(And Why You Need More Than One Metric to See the Truth)
Productivity. It sounds simple — output over input, right?
But in ISO-certified, Lean-focused operations, that’s only part of the story.
What if your team worked efficiently… and still didn’t meet customer demand?
Or your output rose… but your system became less responsive?
That’s where Traditional Productivity and Relative Productivity come into play — and where smart teams learn to track both.
The Two Types of Productivity That Matter
Let’s break them down:
Traditional Productivity
The classic efficiency formula:
Productivity = Output ÷ Input
- Output: tons, units, widgets
- Input: time, labor, cost, machine hours
Good for:
- Labor efficiency
- Machine utilization
- OEE (Overall Equipment Effectiveness)
- Budget planning
Example:
Your team produced 35 tons in 10 hours = 3.5 tons/hour.
That’s your traditional productivity rate — and it shows how much work you squeezed out of your time or resources.
Relative (Lean) Productivity
The “are we meeting demand?” formula:
Productivity % = Actual Output ÷ Target Output × 100
- Tells you if you’re fulfilling customer expectations
- Ties directly to takt time and throughput needs
Example:
Customer demand = 40 tons
You produced = 35 tons
Productivity % = 87.5%
That’s your relative productivity — and it tells you how aligned your system is with what the market needs.
Why You Need Both Metrics — Not Just One
Imagine this:
- Your team runs smoother (3.5 tons/hour).
- But you still miss the delivery deadline.
- Why? Because customer demand increased — and your system didn’t.
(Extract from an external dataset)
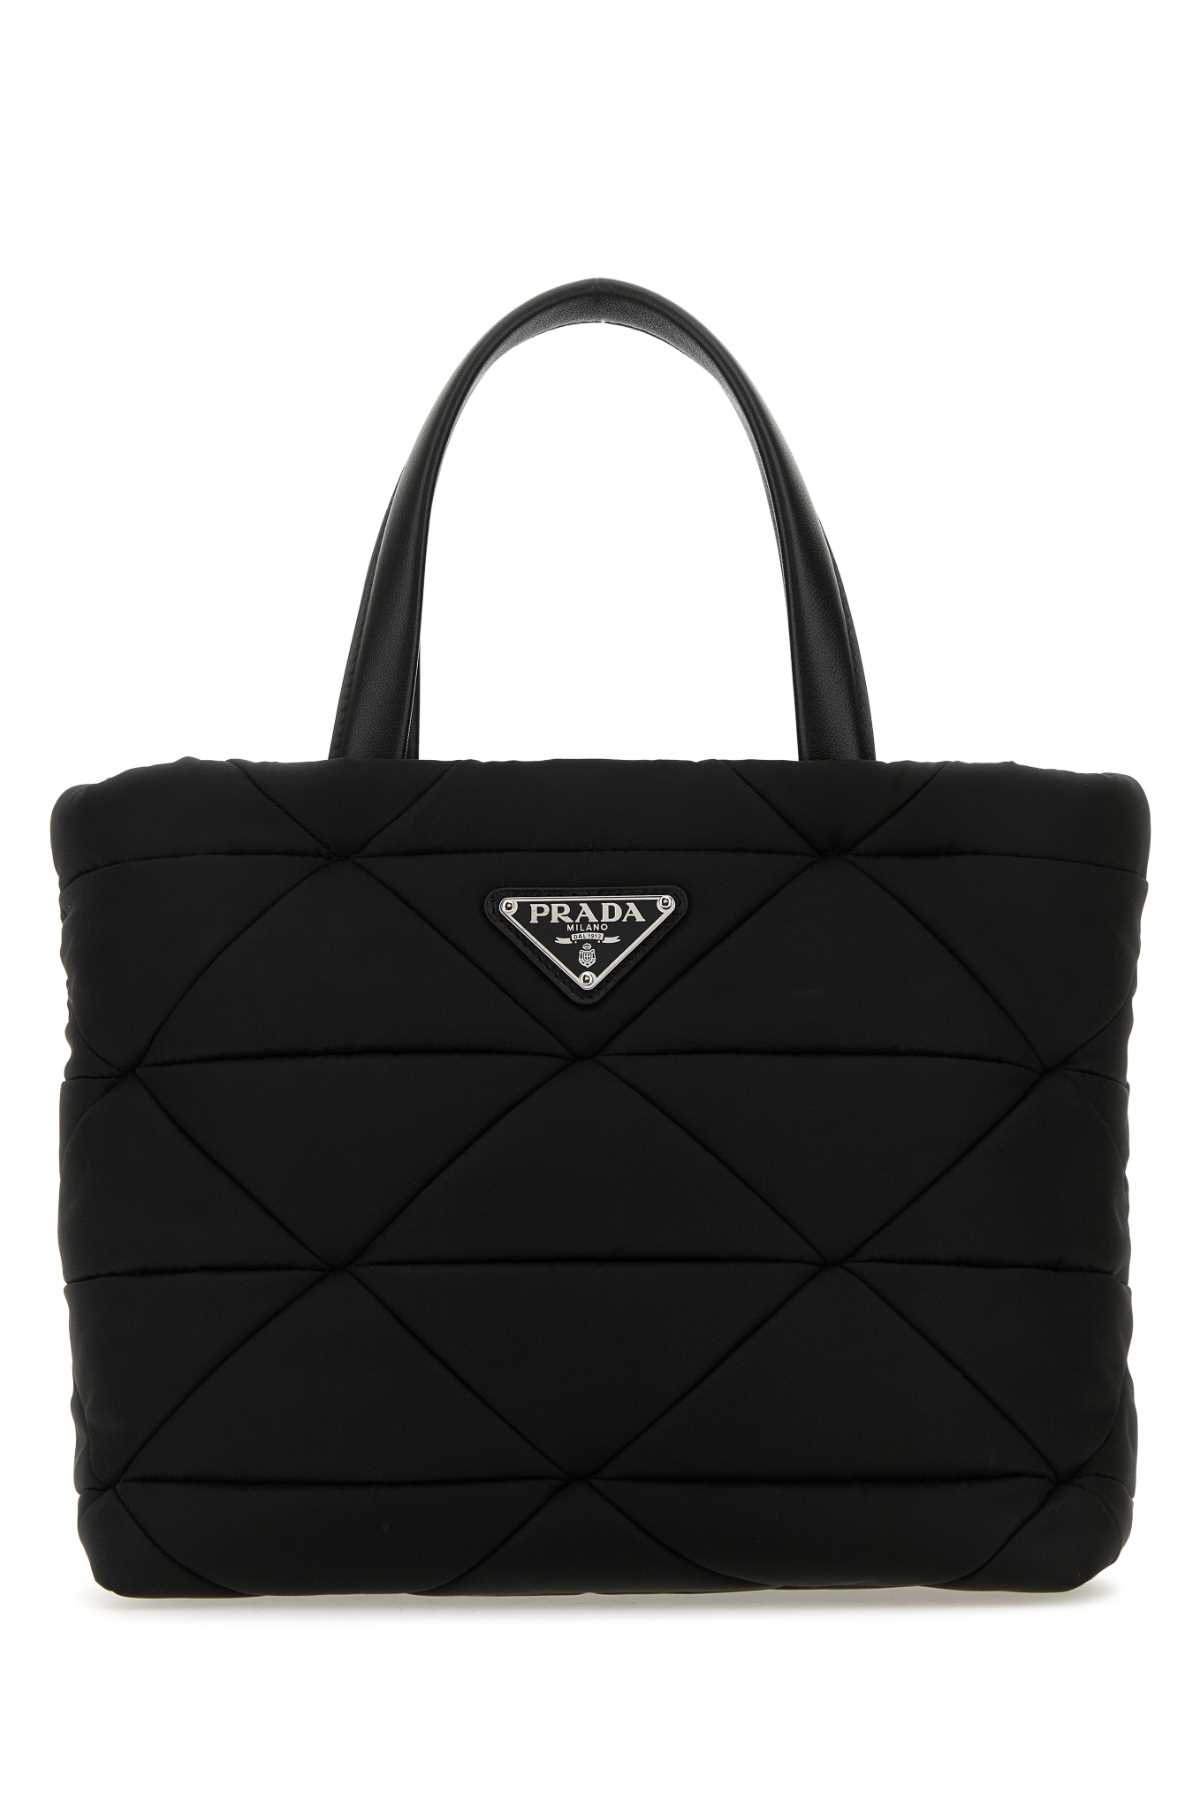 Shop Prada Black Re-nylon Handbag

That’s the blind spot of only using traditional metrics.
Relative productivity shows:
- How close you came to takt time
- Where the real constraint lies
- When “efficient” isn’t “effective”
Real-World Example (From Your Scenario)
Scenario:
- Shift time: 480 min
- Customer demand: 40 tons
- Actual time worked: 600 min
- Actual output: 35 tons
Takt Time = 480 ÷ 40 = 12 min/ton
You needed to produce 1 ton every 12 minutes.
Cycle Time = 600 ÷ 35 ≈ 17.14 min/ton
You were producing 1 ton every 17.14 minutes — slower than needed.
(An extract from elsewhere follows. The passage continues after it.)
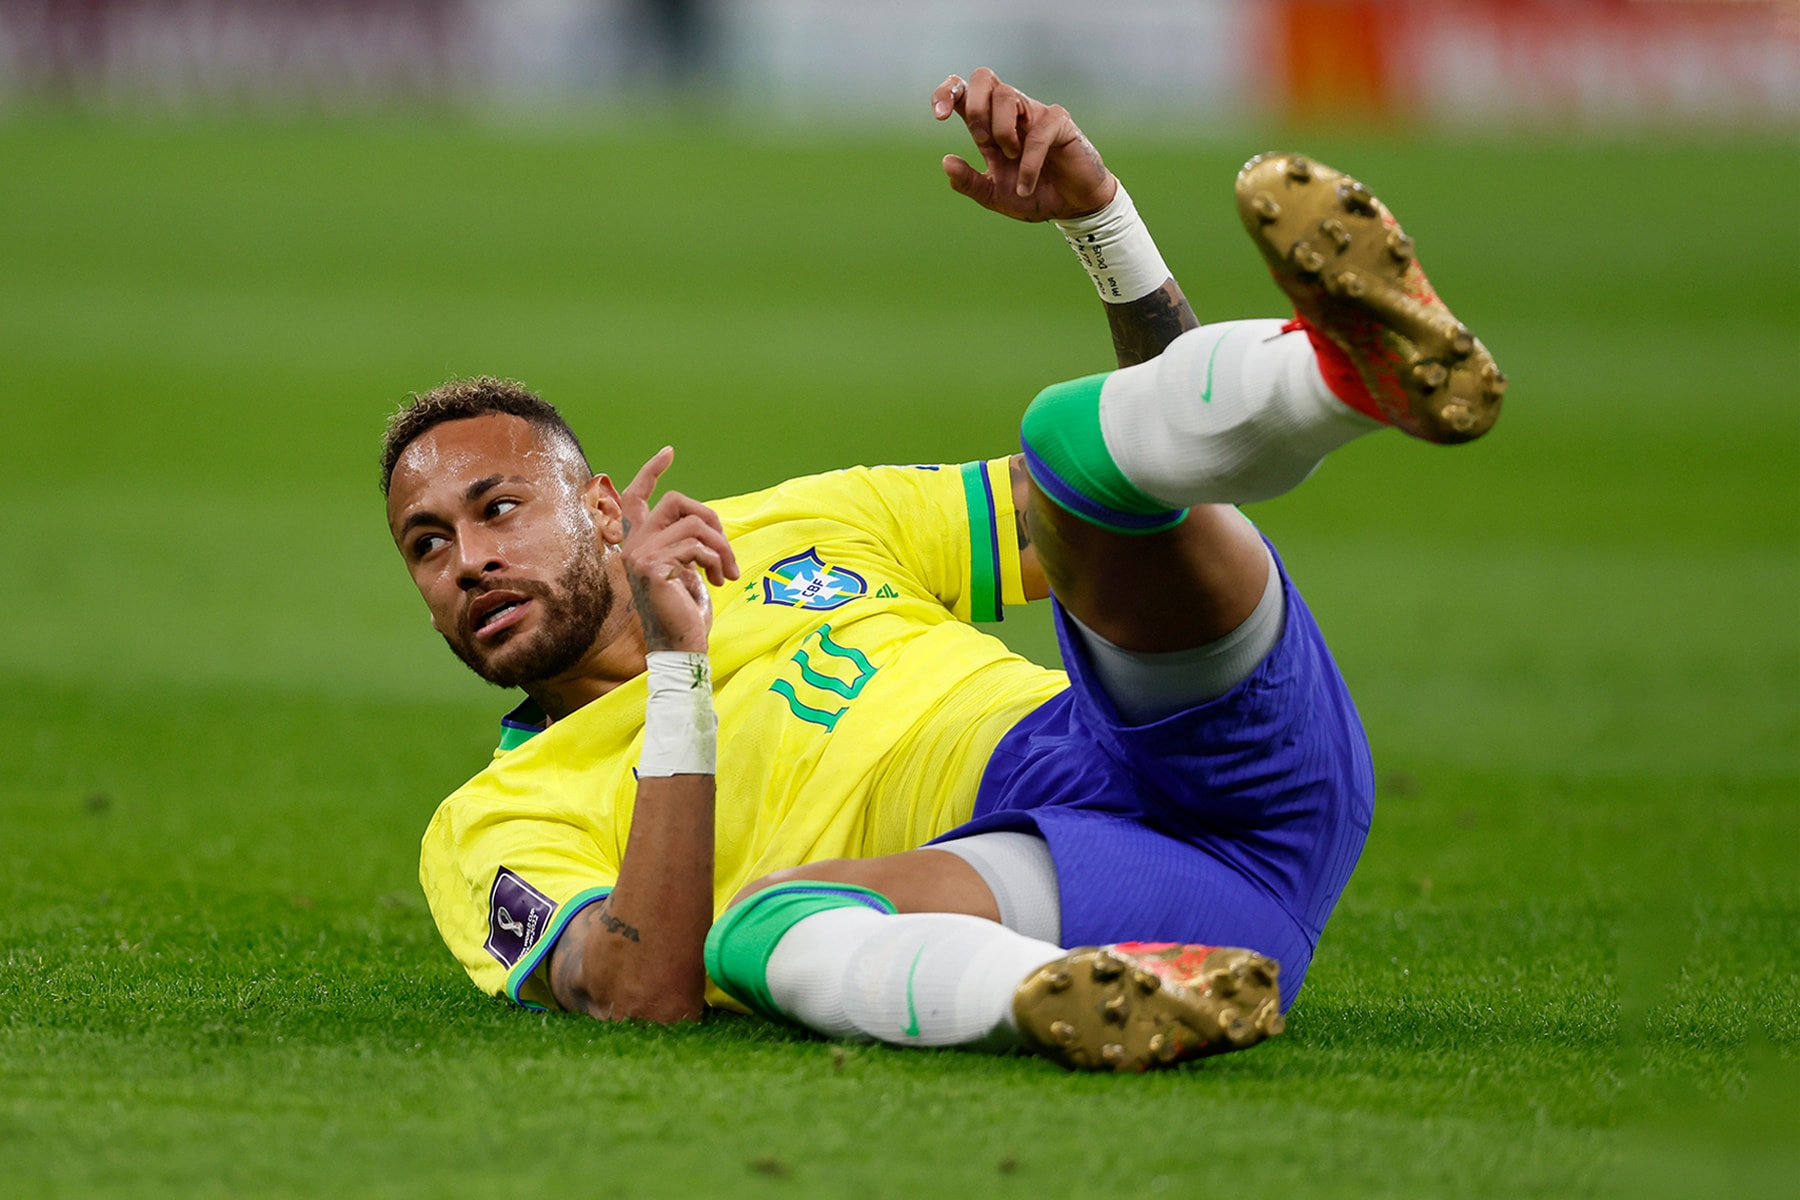 2022 世界盃 – Neymar 腳踝韌帶受傷將缺席剩餘小組賽事

Traditional Productivity = 35 ÷ 10 hrs = 3.5 tons/hour
Not bad — but not aligned with the takt.
Relative Productivity = 35 ÷ 40 = 87.5%
You fell short of the goal — even with 2 extra hours.
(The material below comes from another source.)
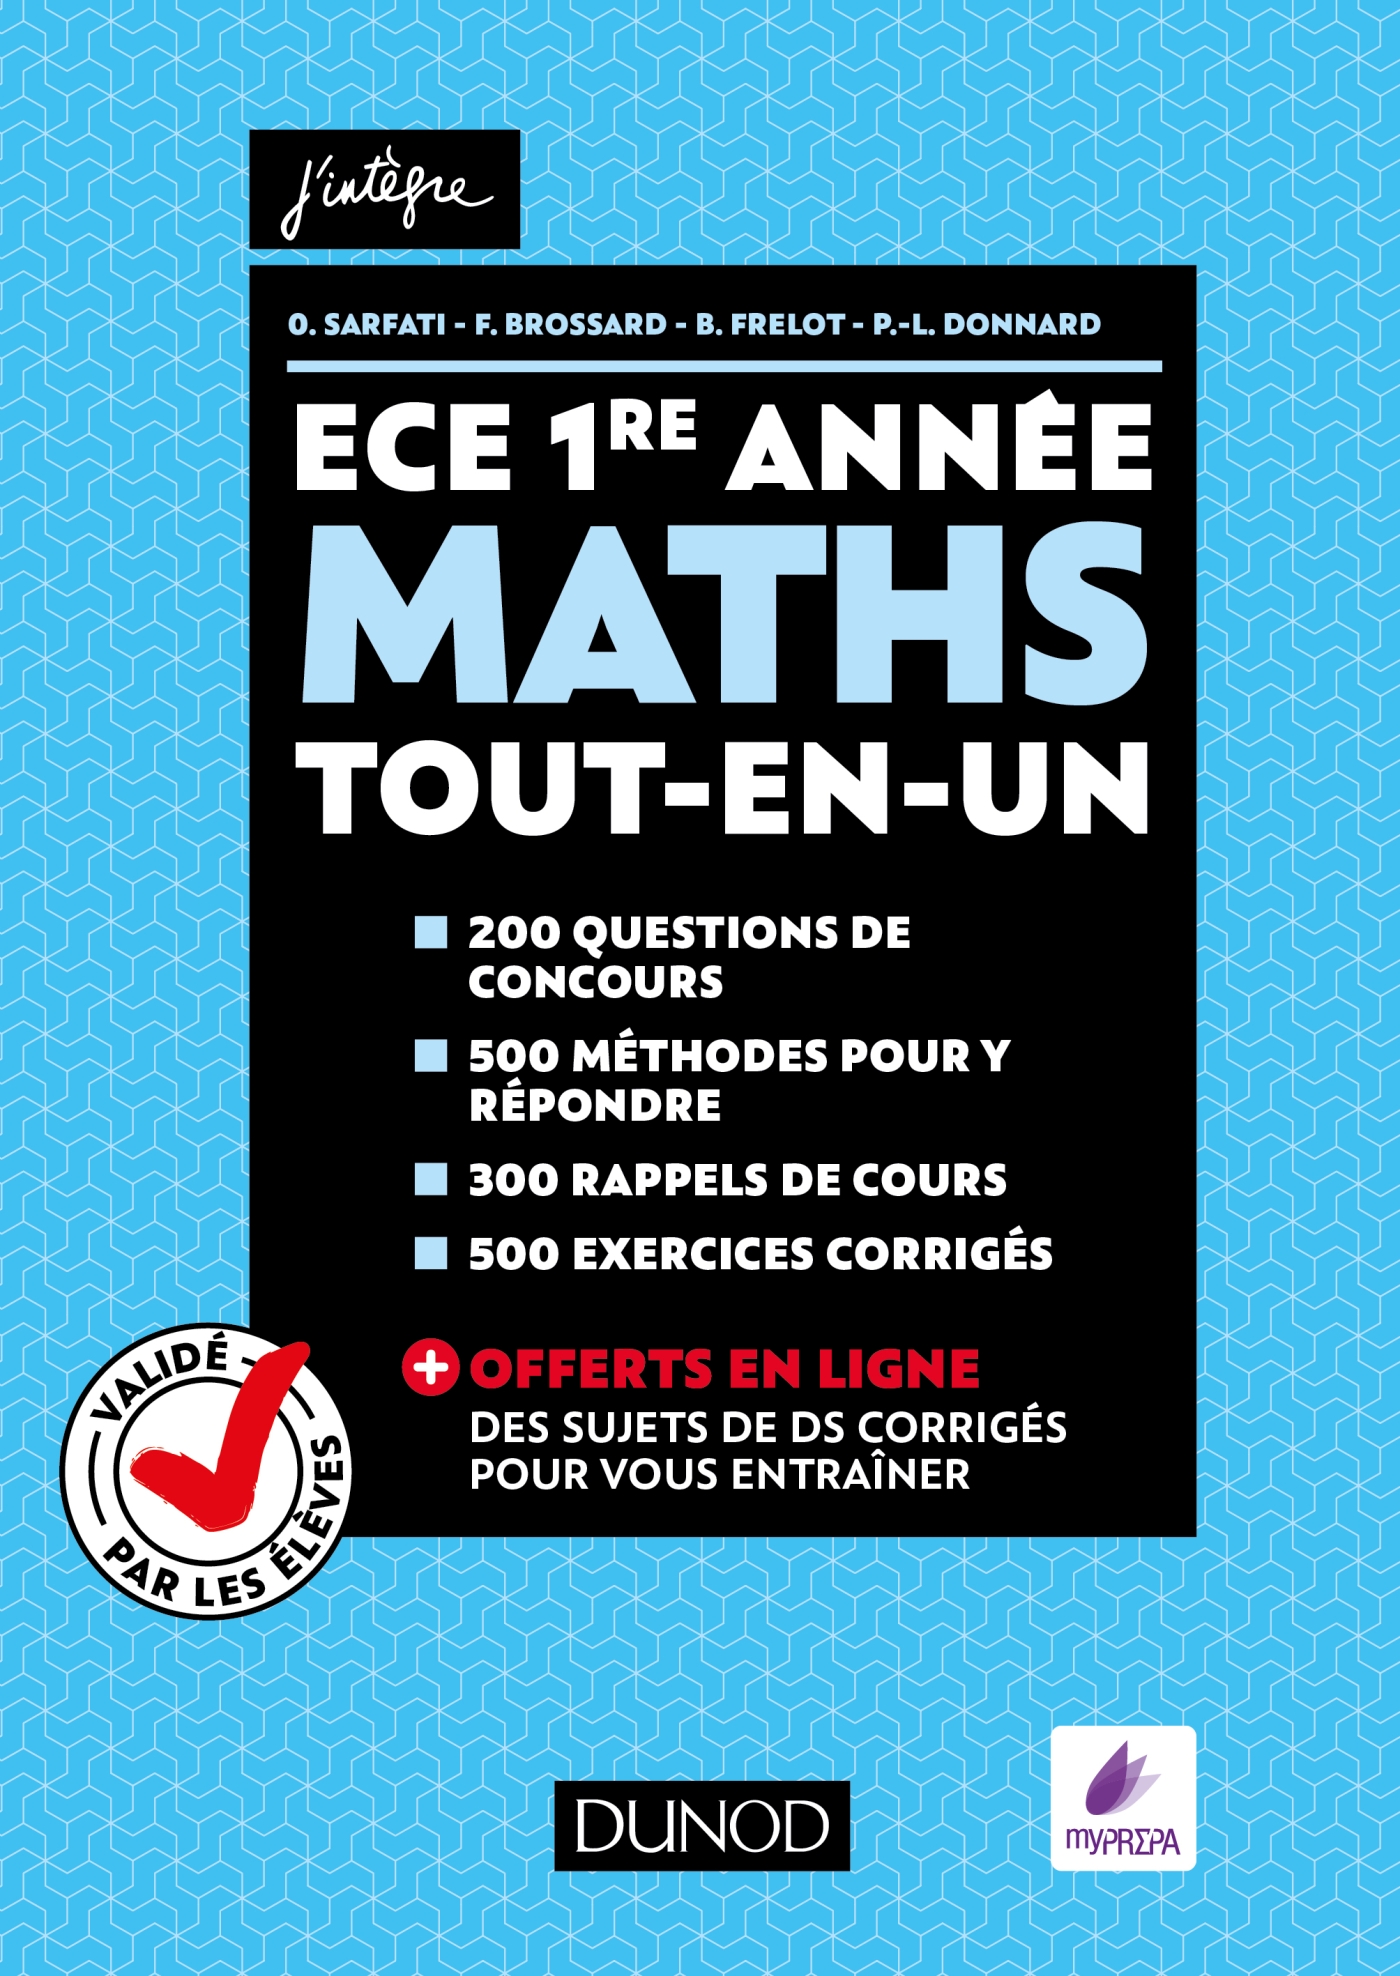 Maths Ece 1re Annee Tout En Un Valide Par Les Eleves Livre Et Ebook Mathematiques De Olivier Sarfati Dunod

How to Track Both in Your KPI Dashboards
Use a simple spreadsheet or dashboard tool with these KPIs:
- Traditional Productivity (tons/hour or units/labor)
- Relative Productivity (% of demand met)
- Cycle Time vs. Takt Time gap
- Output per shift vs. target
Visual tip: Use combo charts:
- Bar = output vs. target
- Line = tons/hour or productivity %
When to Use Each Metric
| Metric Type | Use For | Pitfall |
|---|---|---|
| Traditional | Internal efficiency, budgeting, labor analysis | Can hide underperformance vs. customer demand |
| Relative | Demand fulfillment, takt alignment, Lean KPIs | Doesn’t show root causes (why output was low) |
The smart move? Use them together.
What to Do When Productivity Metrics Conflict
- High traditional + low relative? → You’re efficient… at the wrong thing. Rethink takt and capacity.
- Low traditional + high relative? → You’re meeting goals, but inefficiently. Fix processes.
- Both low? → Dig into bottlenecks, staffing, equipment, and process waste.
Final Takeaway
Efficiency is how well you run.
Effectiveness is whether you meet the goal.
You need both to manage a world-class QMS.
By understanding the full productivity picture, your team can:
- Align better with customer expectations
- Target real improvement opportunities
- Build dashboards that drive decisions — not just data
Ready to Build Metrics That Matter?
Let’s build performance dashboards that blend Lean logic with ISO compliance — and actually help your team act.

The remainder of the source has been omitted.